QT and JT dispersion was calculated from the difference between the ECG lead V1 and V6. Results from the comparison of the patient group A and the age- and gender-matched control group B dispersion values are summarised in Table 2. The mean QTc and JTc dispersion values of the patient group A (QTcd = 0.0443 ± 0.0203; JTcd = 0.0546 ± 0.1075) were significantly higher (p < 0.05) than the mean values of the control group B (QTcd = 0.0039 ± 0.0053; JTcd = 0.0143 ± 0.1450).

The dispersion values of the psychiatric patient group therefore differed significantly from those of the healthy control group. No previously published articles were found on the dispersion values specific to psychiatric patients. However, several studies pointed out that there is an association between increased inhomogeneity of ventricular repolarisation and an increased risk of arrhythmias and sudden cardiac death.24,25,28,30 These results therefore support those of the other indicators in this study of an increased risk for ventricular arrhythmias.

The final dysrhythmogenic indicator investigated in the two groups was heart rate variability (HRV), ie, the beat-to-beat variation in heart rate around a mean value − which is modulated by the autonomic nervous system.

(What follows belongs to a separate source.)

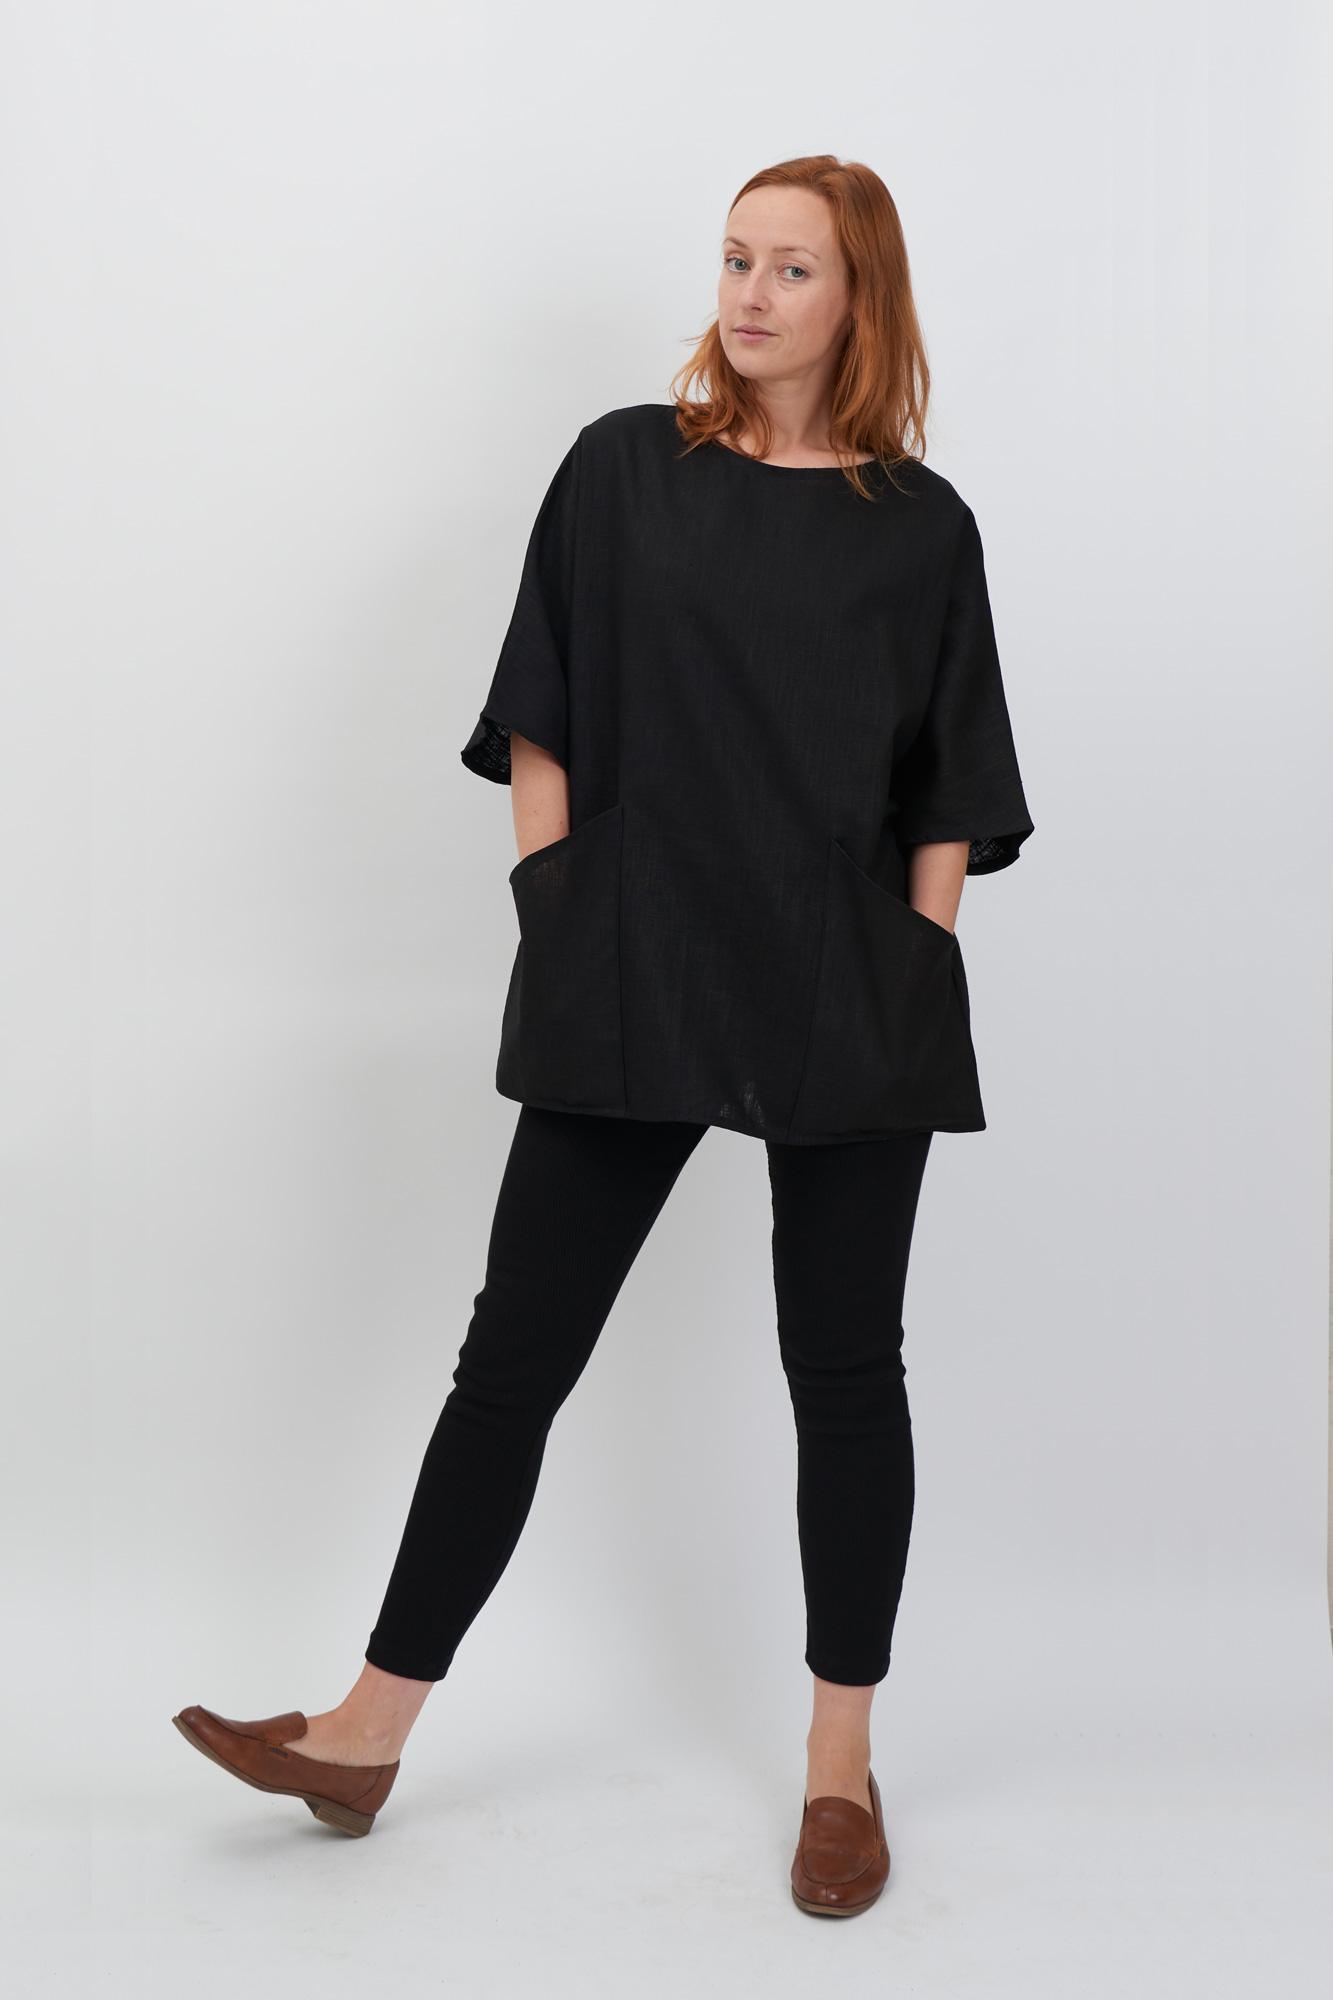 tunic-black-front.jpg

A marked reduction in HRV is a strong predictor of sudden death following MI and arrhythmic complications.29 In this study, the RR intervals were measured on the ECG lead V6, and the participants were grouped together in classes of differing variability. The distribution of RR variability (lead V6) in the patient and control groups are summarised in Fig. 1.

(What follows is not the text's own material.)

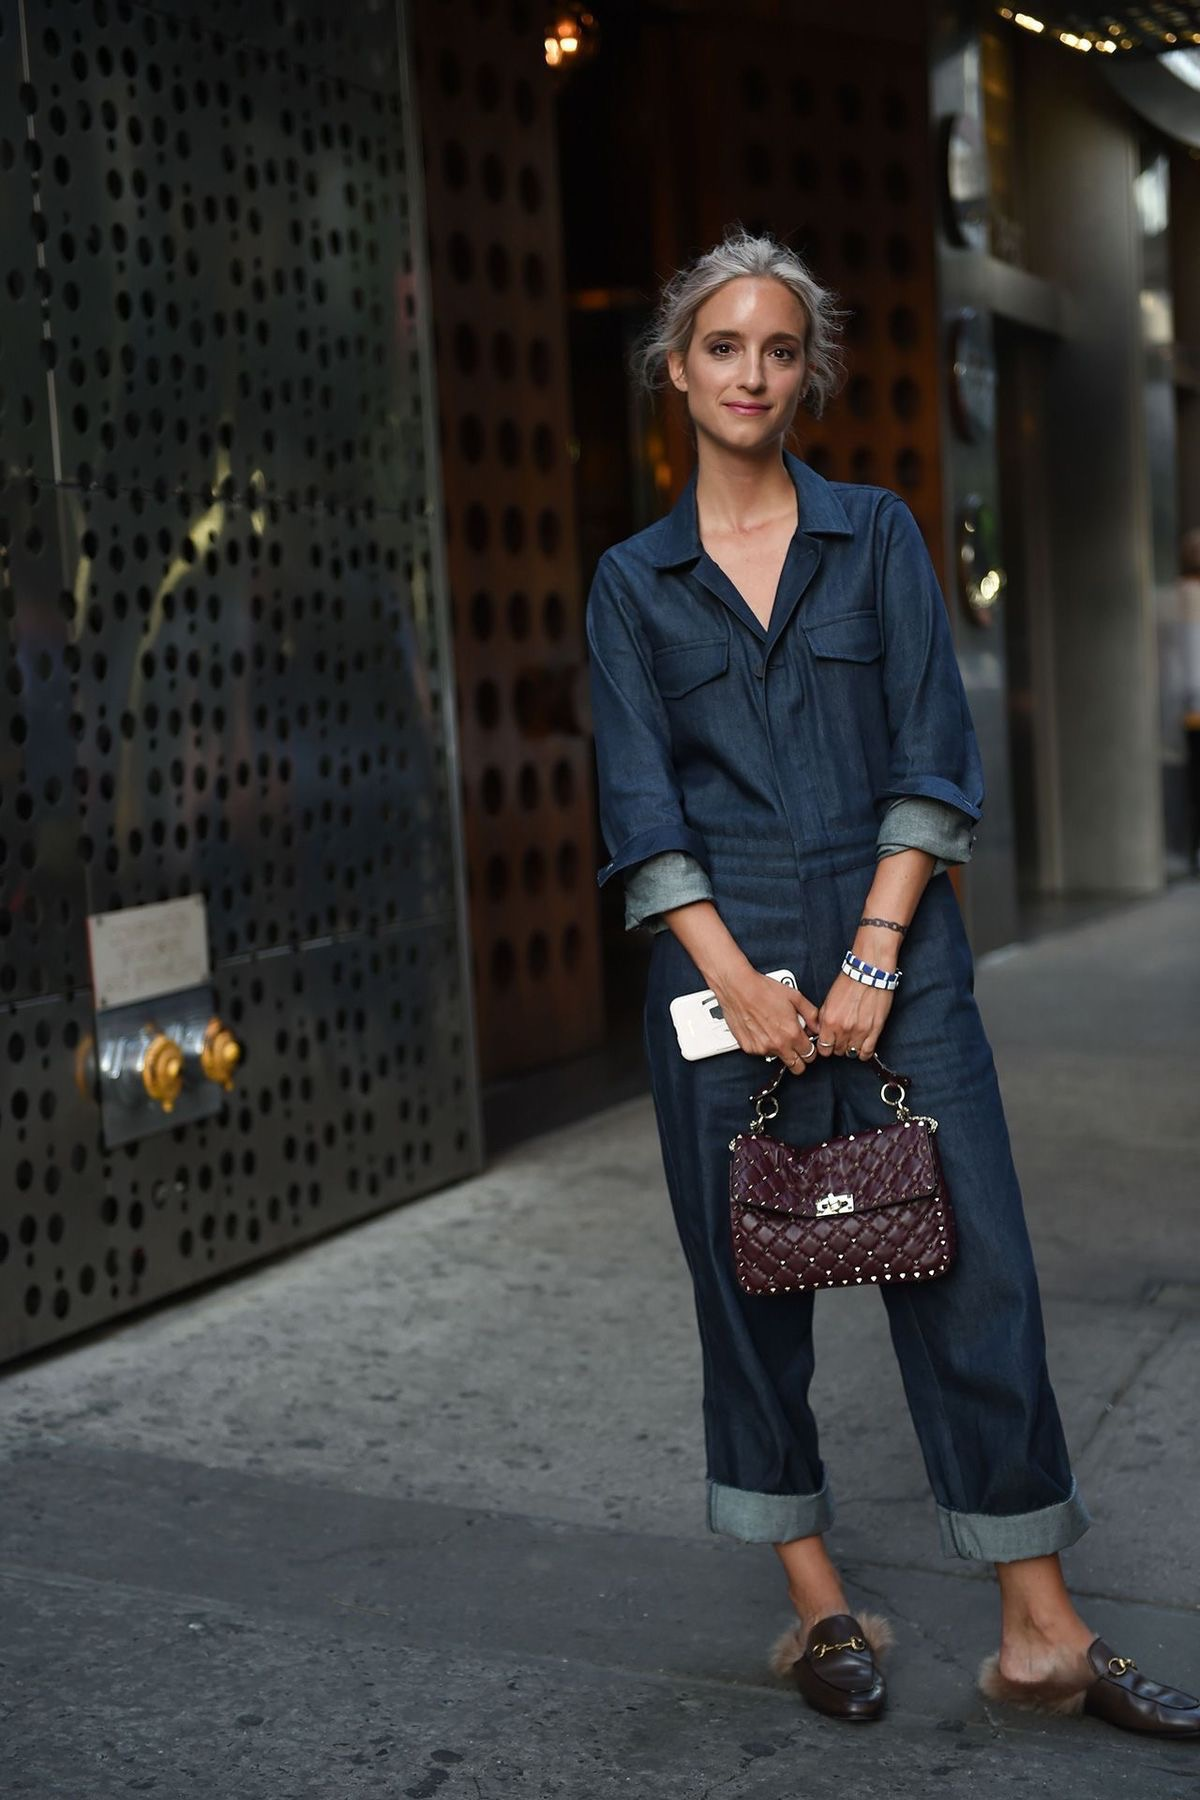 Denim Jumpsuit gucci fur loafers quilted handbag

A statistically significant difference (p < 0.0001) was found between the patient and control groups. In the patient group, 23% indicated no heart rate variability; 34% showed low variability; 25% showed medium variability and only 18% indicated high (normal) variability. In the control group, only 3.2% showed no variability; 9.7% showed low variability; 32.3% fell in the medium-variability category, while 54.8% had high variability.

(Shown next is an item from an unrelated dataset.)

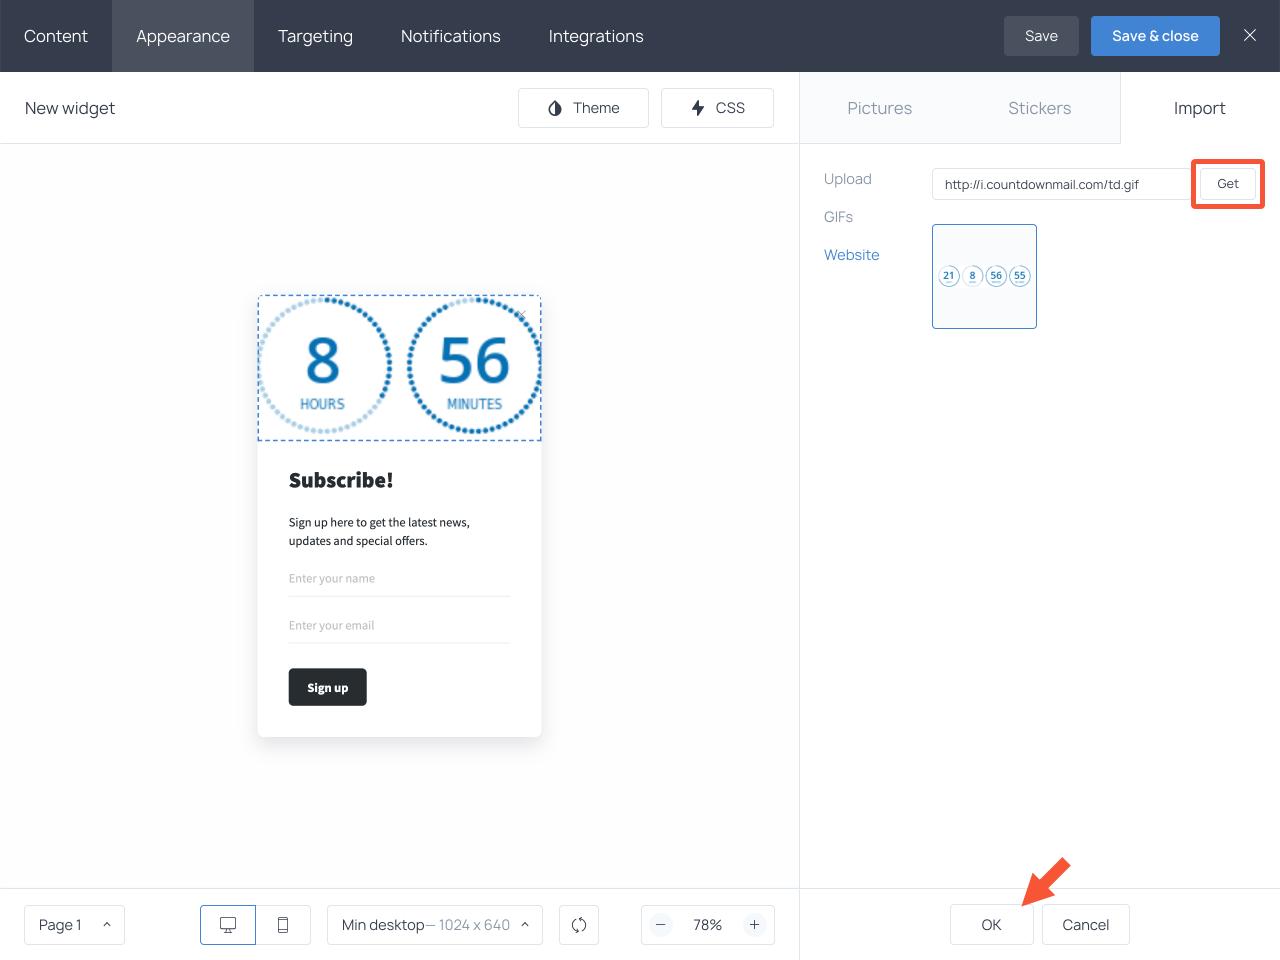 Choosing and saving the countdown image

Variability in the patient group centred around the medium-, low- and no-variability categories, while variability in the control group centred around the medium- and high-variability categories. Therefore, according to the RR variability (lead V6), the psychiatric patient group represented a significantly lower HRV category than the control group, thus indicating an increased risk of coronary heart disease and arrhythmias. This is in correspondence with results by Gormann et al. and Hughes et al.14,26

The comparison of dysrhythmogenic indicators between the patients with only psychiatric illness (group C) and those with psychiatric as well as physical illness (group D) indicated no statistically significant differences (p > 0.05). The values obtained are shown in Table 3. The implications are therefore that the difference in dysrhythmogenic potential cannot summarily be ascribed to underlying physical disorders.

Conclusions

In this study, the potential dysrhythmogenic potential was assessed by means of heart rate variability, JTc times and JTc dispersion. The results support the indications of previous research, among others the INTERHEART study,13-17,26,27,31 that psychiatric patients may have an increased dysrhythmogenic potential. This is in line with the assumption that an increased dysrhythmogenic potential in psychiatric patients can, theoretically, be predicted since (1) negative emotions can influence cardiac functioning through effects on the autonomic nervous system; (2) several medications prescribed to psychiatric patients influence cardiac function; (3) there is published confirmation of a co-morbidity between depression and cardiovascular disorders; and (4) there is evidence that negative mood states may be a predictor of mortality in patients already diagnosed with coronary heart disease.9,10 The potential of an augmented risk for cardiovascular incidents in psychiatric patients should be considered when treating such patients.